Шрифт:
Интервал:
Закладка:
Сколько увёрток, подспудных знаков унижения своему государству должно было уловить и подметить, учесть все мелочи. Для памяти Волынский все свои вопросы задавал в письменной форме.
И снова уловки, подвохи, подводные камни, туманные обещания, посулы, обманы и отказ от своих же слов. Артемий измучился за полтора месяца увязывания вопросов этикета. И опять он победил: свита могла войти в зал приёмов с оружием, в башмаках, поверх которых надевались другие, верительная грамота подносилась не на коленях и не на голове, и полу одежды у шаха не надо было целовать...
Персы согласились на все условия Волынского, но он потребовал письменного подтверждения: он уже научился не доверять словам знатных персов.
Полной мерой познал Артемий восточную хитрость, коварство, ложь и бесстыдство. Он был почти один, только дворянин Матвей Карцев да бывший крепостной Семён Аврамов помогали ему.
В начале апреля шахский двор получил известие, что в бывшем устье Амударьи высадился пятитысячный отряд Вековича-Черкасского. Астрабадский хан в двадцать раз преувеличил численность русских войск и потребовал от шаха воинов для обороны Астрабада, уверяя, что русские намерены повернуть на Персию. И сразу же отношение к посольству изменилось: все достигнутые ранее договорённости были аннулированы. Волынский попытался восстановить положение, пригрозив отъездом, но все возражения посланника первый министр отклонял, а это означало разрыв дипломатических отношений с Россией и угрозу объявить ей войну.
Посольство было блокировано, даже рабочих для ремонта не пропускали. Но Волынский не дремал: он добивался ответов, решительно предлагал отпустить посольство, если приёма не будет. Это не подействовало. Тогда Артемий польстил первому министру — попросил передать, что не верит, чтобы такой умный и сильный человек мог быть так непостоянен. Это смягчило первого министра, но и Волынскому пришлось кое в чём пойти на уступки.
Но помогли Волынскому не его уступки и угрозы, а произошедший в Испагани хлебный бунт. Жители протестовали против установления высоких цен на хлеб, жесточайшей монополии эхтема девлета в торговле. К дворцу шаха пришло более трёх тысяч человек с дубьём и каменьями, выломали ворота. Шах спрятался в гареме, куда восставшие не осмелились войти, а затем убежал в свою новую крепость Фарабат. Но войска шаха подавили бунт, и Волынскому, наконец, была назначена аудиенция...

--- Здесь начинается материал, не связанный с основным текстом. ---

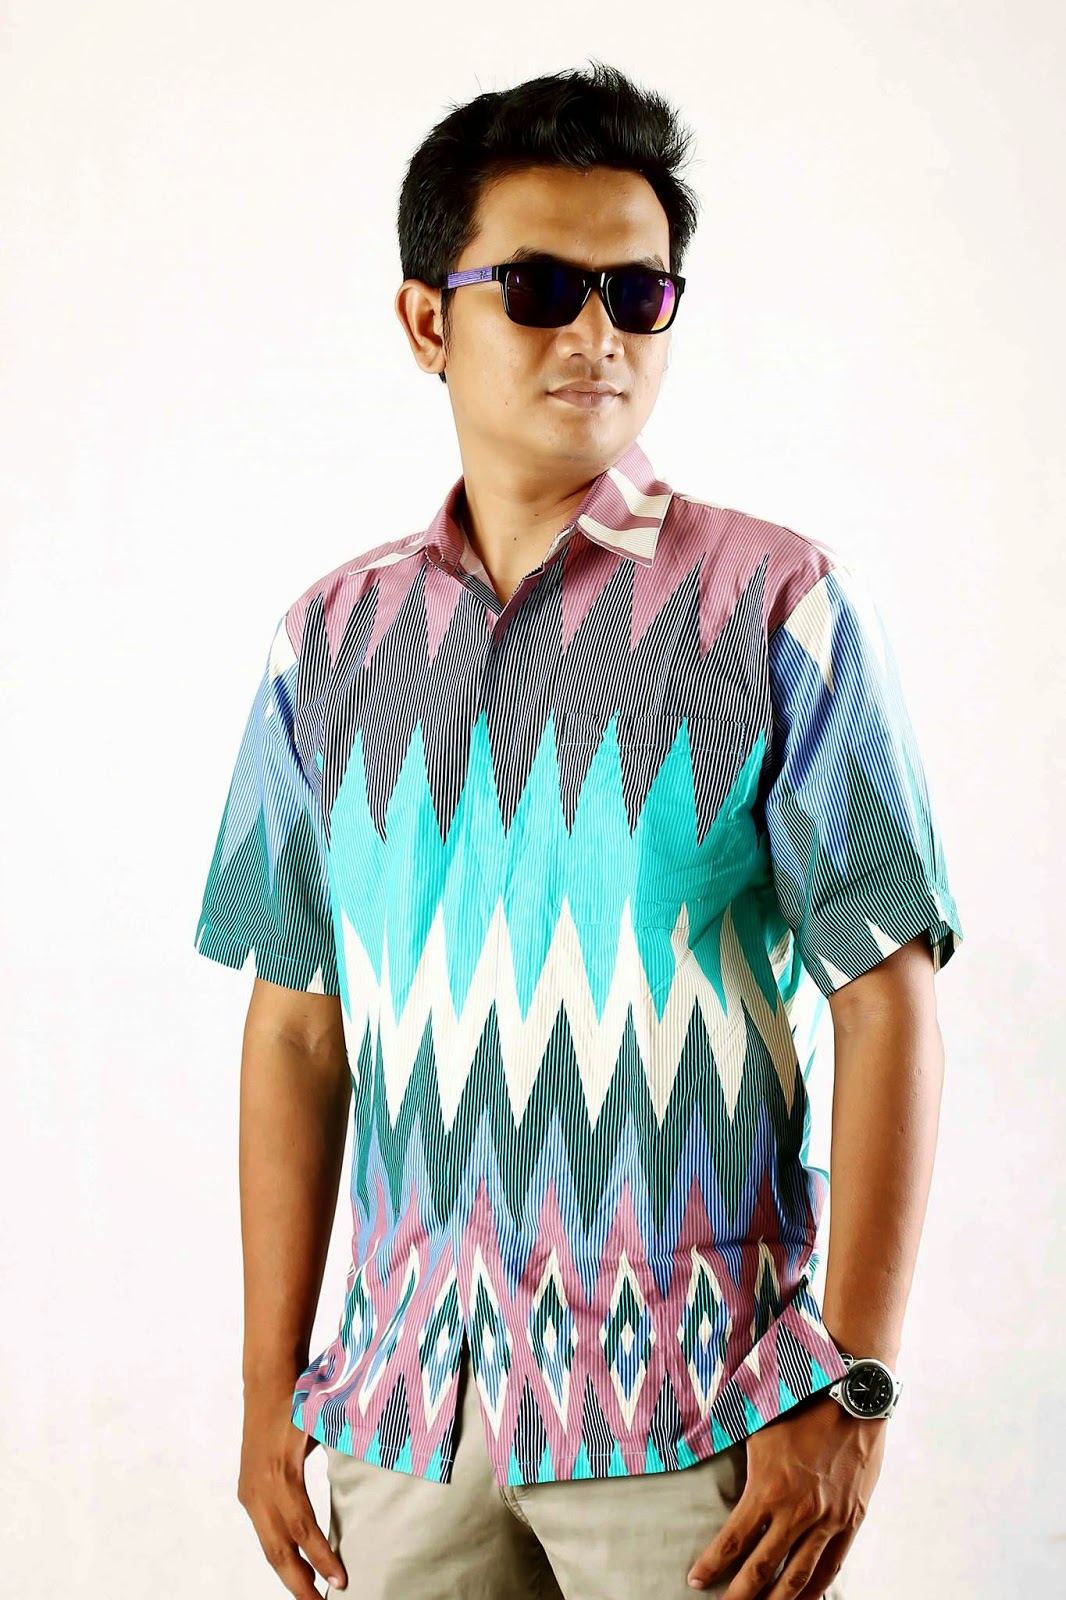  Model  Baju Kemeja  Batik  Motif Rang rang Batik  Bagoes Solo

В саду, по обе стороны бассейна, выстроились шахские гвардейцы. А позади шаха стояли евнухи с их оружием. Зорким глазом Артемий подметил, что замков ни у одного ружья нет, только фитили. Если уж у гвардейцев такое устаревшее оружие, то какова вся армия?
Другие приближённые, примерно двести человек, теснились справа и слева от шаха.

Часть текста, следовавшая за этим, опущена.